Bulletin of Atomic Scientists announced that the Doomsday Clock has been updated to 90 seconds to midnight in 2023. Midnight represents the “doomsday,” so the closer the clock gets to the fateful hour, the closer we come to our disaster.
90 seconds is closer to midnight than ever before. For the past three years, the clock has displayed 100 seconds to midnight, the closest time to apocalypse since its creation in the late 1940s. Still, this year’s announcement didn’t come as much of a surprise.
Bulletin of Atomic Scientists president and CEO Dr. “We believe humans have the ability to mitigate these threats as well as create them,” says Rachel Bronson.
The announcement was also made in Ukrainian and Russian for the first time, considering Russia’s war against Ukraine.

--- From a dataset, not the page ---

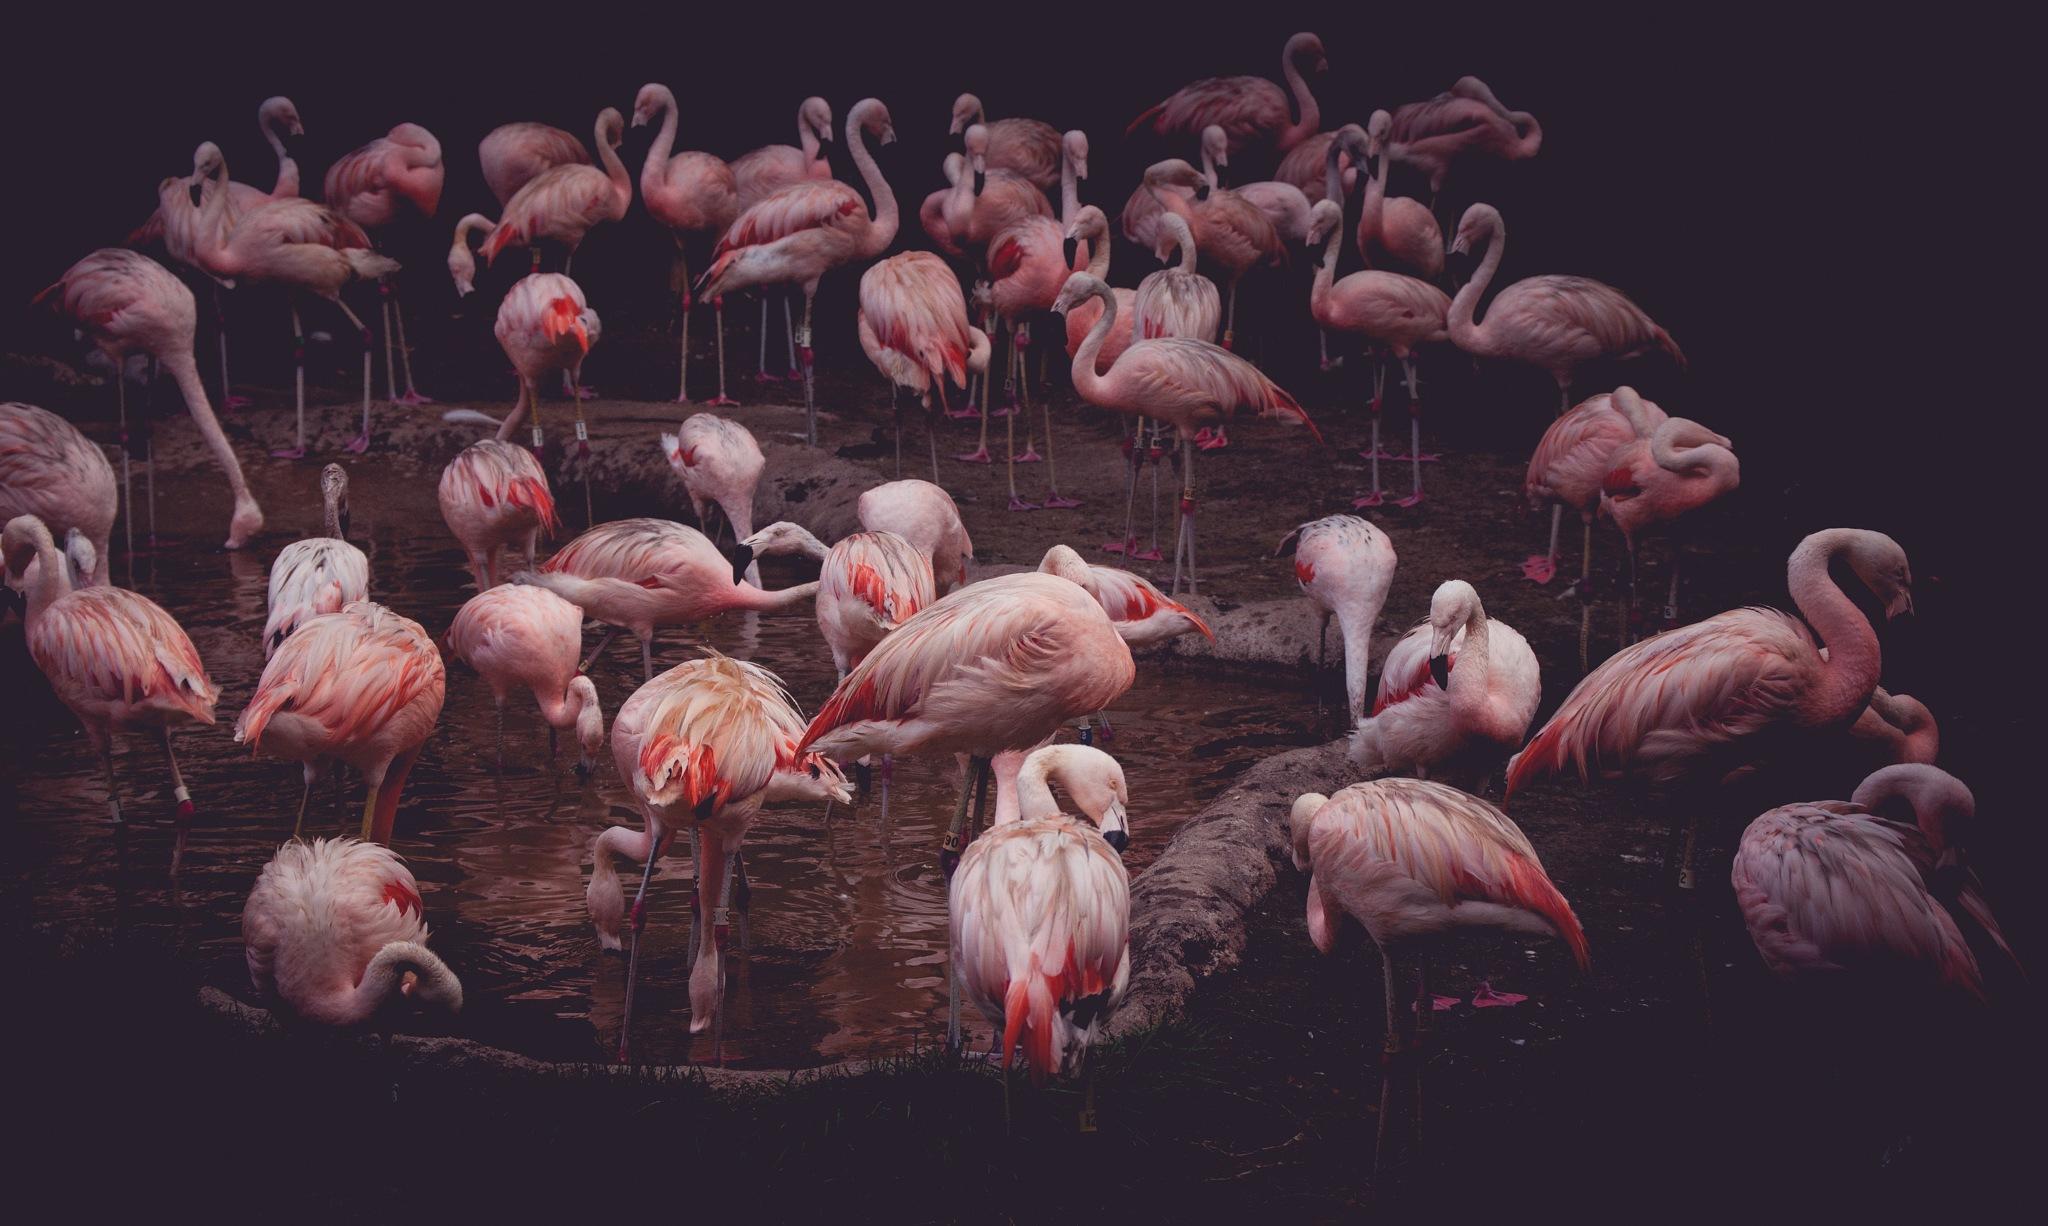 Flamingo's by AKarahan

How is the doomsday clock set?
The watch was introduced in 1947 as a warning symbol of humanity’s ability to self-destruct. There, at the beginning of the Atomic Age, attention was drawn to the fact that an atomic war between the USA and the USSR could destroy us. Studies showed that even a small-scale atomic war could kill tens of millions of people in a matter of hours, followed by five billion deaths from the subsequent famine. Originally the clock was seven minutes to midnight.
Each year, members of the Bulletin of Atomic Scientists set out to answer two questions: Is humanity safer than last year, and is humanity safer from human-made threats than it has been in the past 76 years? And the answers to both of these questions determined the position of 2023.
The doomsday clock’s furthest point from midnight to date was 17 minutes, which came after tensions eased between the former Soviet Union and the United States in 1991. Crucial for this was the reunification of Germany and the signing of the first Strategic Arms Reduction Treaty.